Inguinoscrotal hernia (ISH) represents an advanced form of inguinal hernia, with greater technical complexity and higher risk of complications. Despite its significant prevalence, its management remains heterogeneous in Spain. This study evaluates clinical practice and adherence to the recommendations of the European Hernia Society (EHS).

Methods

A cross-sectional observational study was conducted through an online survey distributed among members of the Spanish Association of Surgery (AEC).
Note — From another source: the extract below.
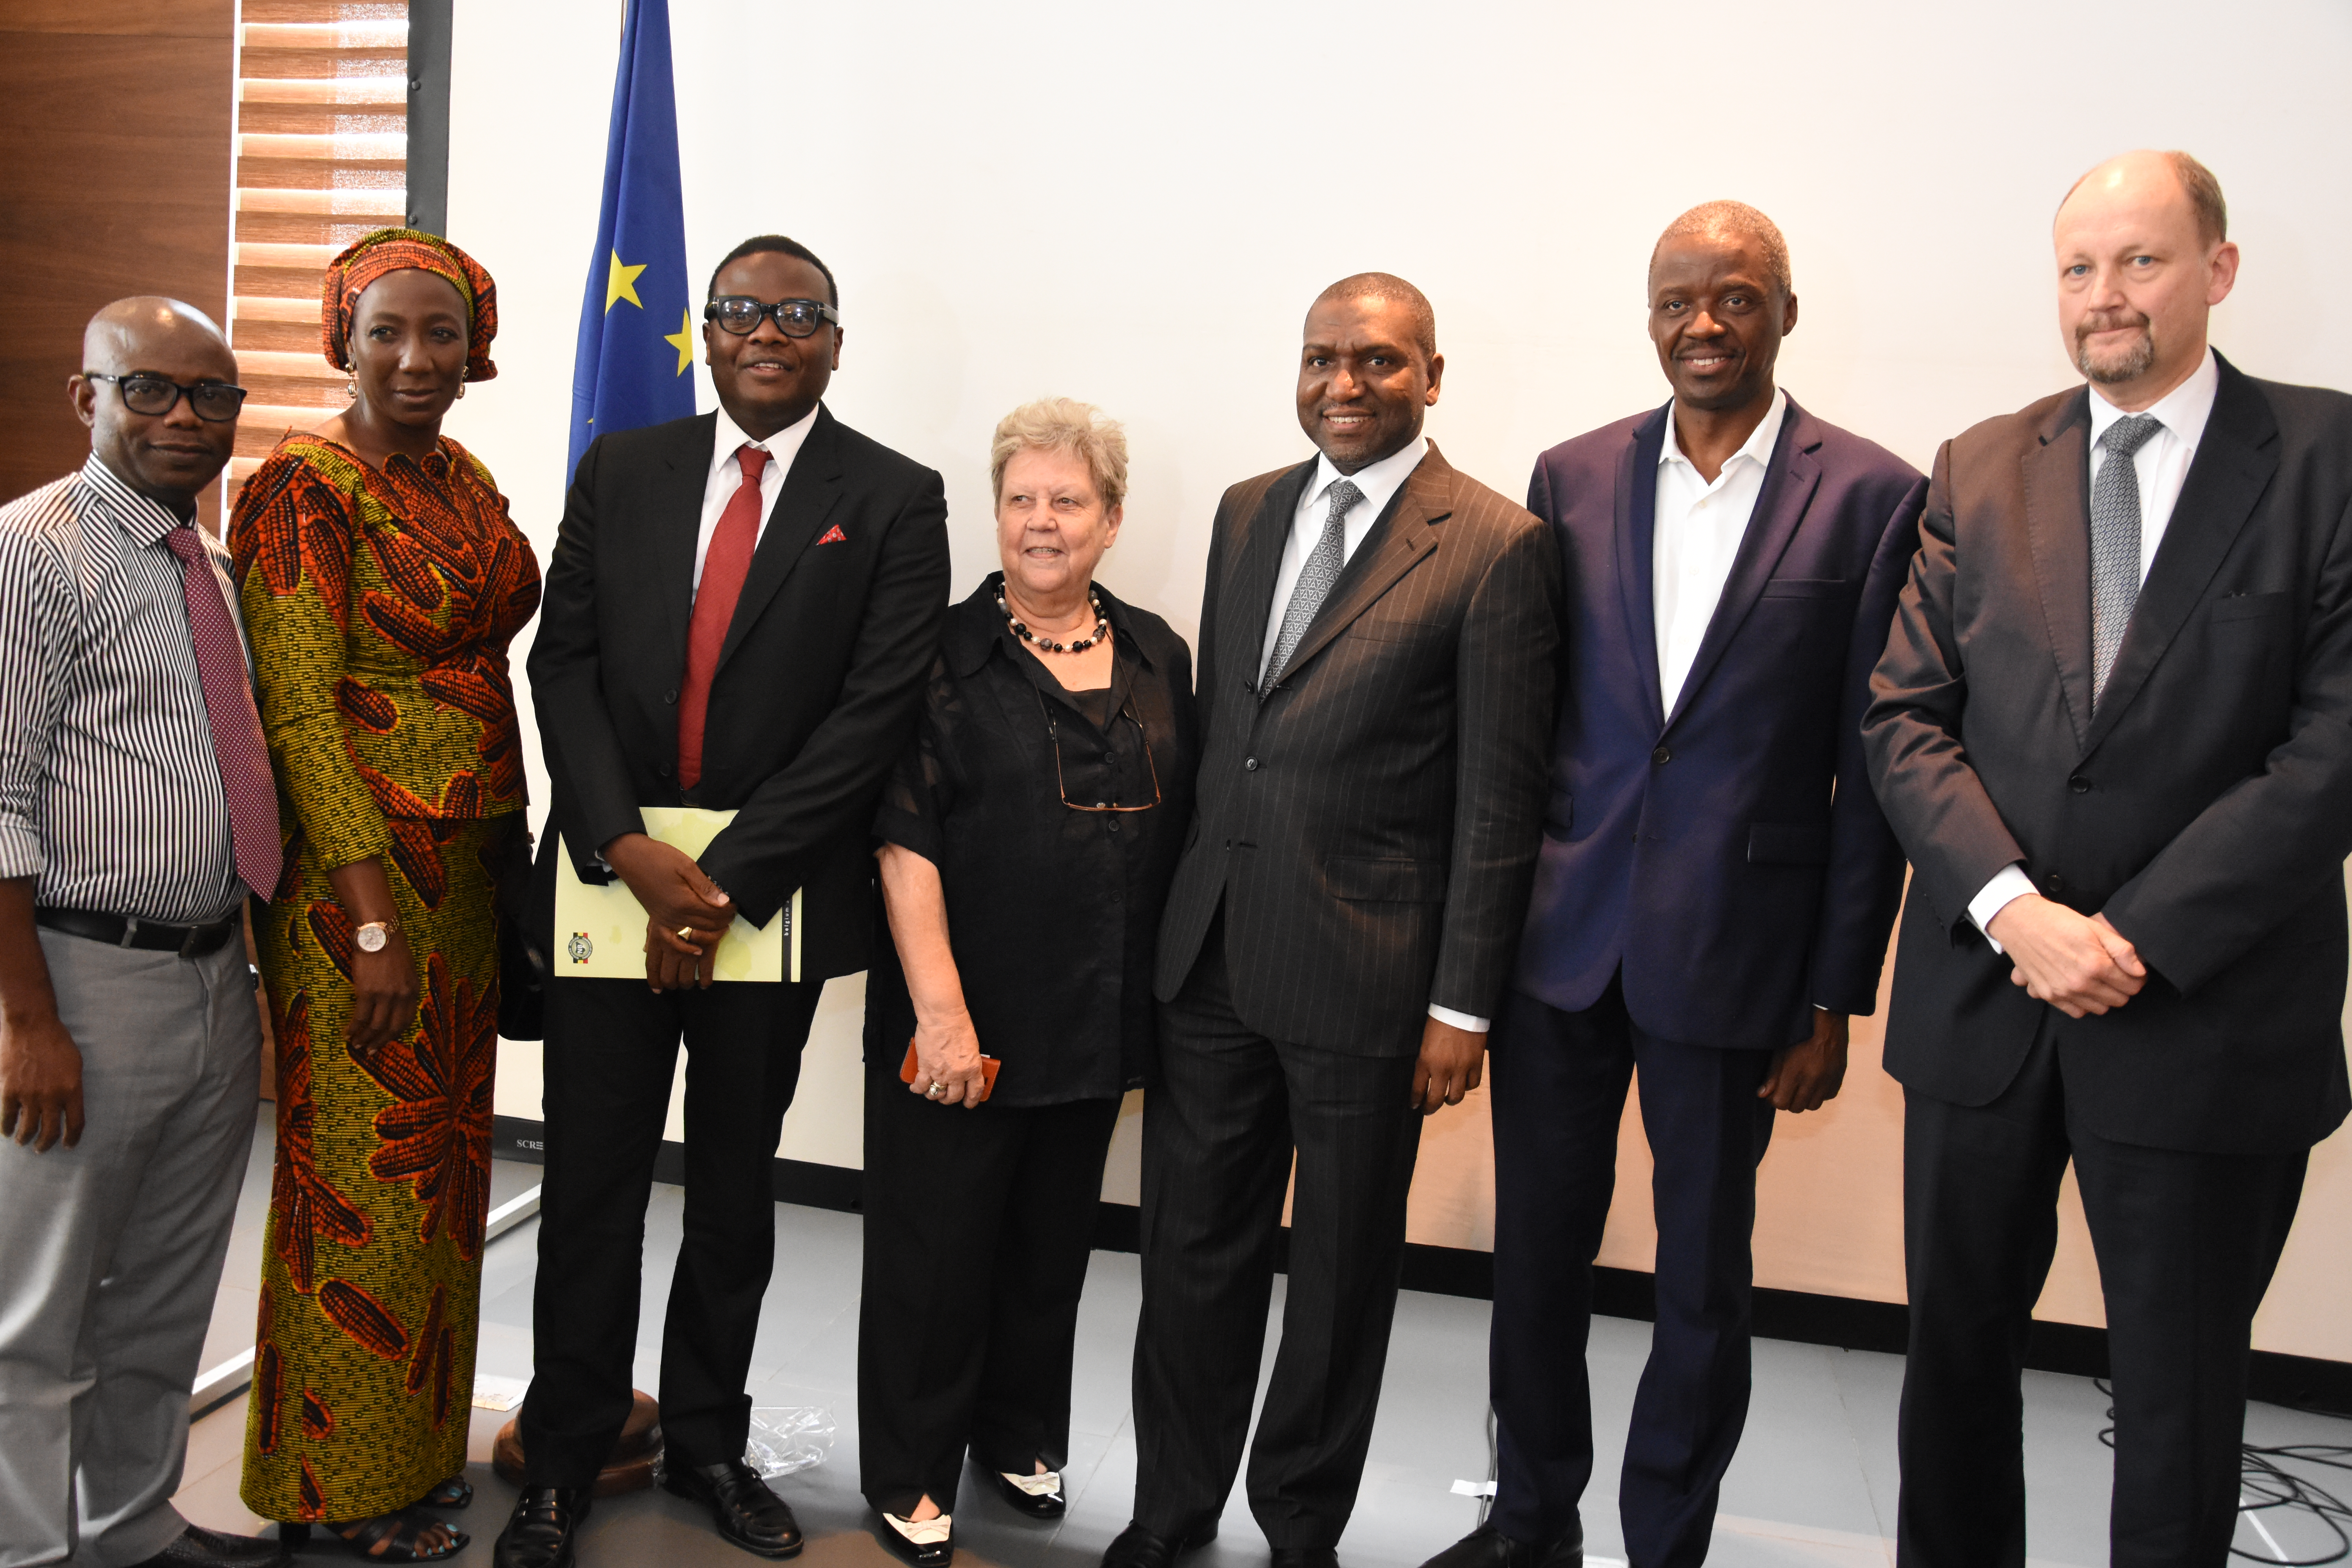 L-R: Babatunde Faleke – Regional Coordinator S/W, NEPC; Ms. Lolo Kadafa – Assistant General Manager, Group Head,  Agro Processing, BOI; Mr. Tunde Okoya - President NBCC;  Mrs. Paulette Van Trier – Founder Nigerian-Belgian Commercial Information and Documentation Center (NBCIDC); Alhaji Sani Dangote - Vice President of Dangote Group, Chairman Dansa Holdings Limited; Dr. Jide Adedeji – CEO, Mouthfresh; His Excellency, Michel Arrion - Ambassador/Head of Delegation of the EU to Nigeria and ECOWAS.

Demographic variables and specific data on the diagnostic and therapeutic management of ISH were collected. Subgroup analyses were performed based on age and specialization in abdominal wall surgery.

Results

Out of 3014 surveys distributed, 392 complete responses were obtained (13%). While 60.2% had an Abdominal Wall Unit, only 11.7% centralized all inguinal hernia cases. Open surgery remains the most frequent approach (96.4%). In ISH cases, the use of minimally invasive surgery (MIS) is lower (38.6%), with TAPP being the predominant technique. Surgeons specialized in abdominal wall procedures used more posterior and endoscopic techniques. Adherence to EHS guidelines was partial (58.8%).

Conclusions

The treatment of ISH in Spain lacks proper centralization in specialized units, which limits the adoption of advanced techniques and adherence to international guidelines. Promoting specific training, European certification, and the creation of specialized units could improve clinical outcomes and the quality of life for these patients.
腹股沟阴囊疝(ISH)是一种高级形式的腹股沟疝,具有更大的技术复杂性和更高的并发症风险。尽管其显著流行,其管理仍然是异质在西班牙。本研究评估临床实践和遵守欧洲疝学会(EHS)的建议。方法通过在线调查在西班牙外科协会(AEC)成员中进行横断面观察性研究。收集了ISH诊断和治疗管理的人口学变量和具体数据。根据年龄和腹壁手术专业进行亚组分析。结果共发放问卷3014份,获得完整回复392份(13%)。60.2%的腹股沟疝有腹壁装置,只有11.7%的腹股沟疝集中在所有病例中。开放手术仍然是最常见的方法(96.4%)。在ISH病例中,微创手术(MIS)的使用率较低(38.6%),TAPP是主要技术。专门从事腹壁手术的外科医生更多地使用后路和内窥镜技术。对EHS指南的遵守是部分的(58.8%)。结论西班牙ISH的治疗缺乏适当的专科集中,限制了先进技术的采用和对国际指南的遵守。促进专门培训、欧洲认证和创建专门单位可以改善这些患者的临床结果和生活质量。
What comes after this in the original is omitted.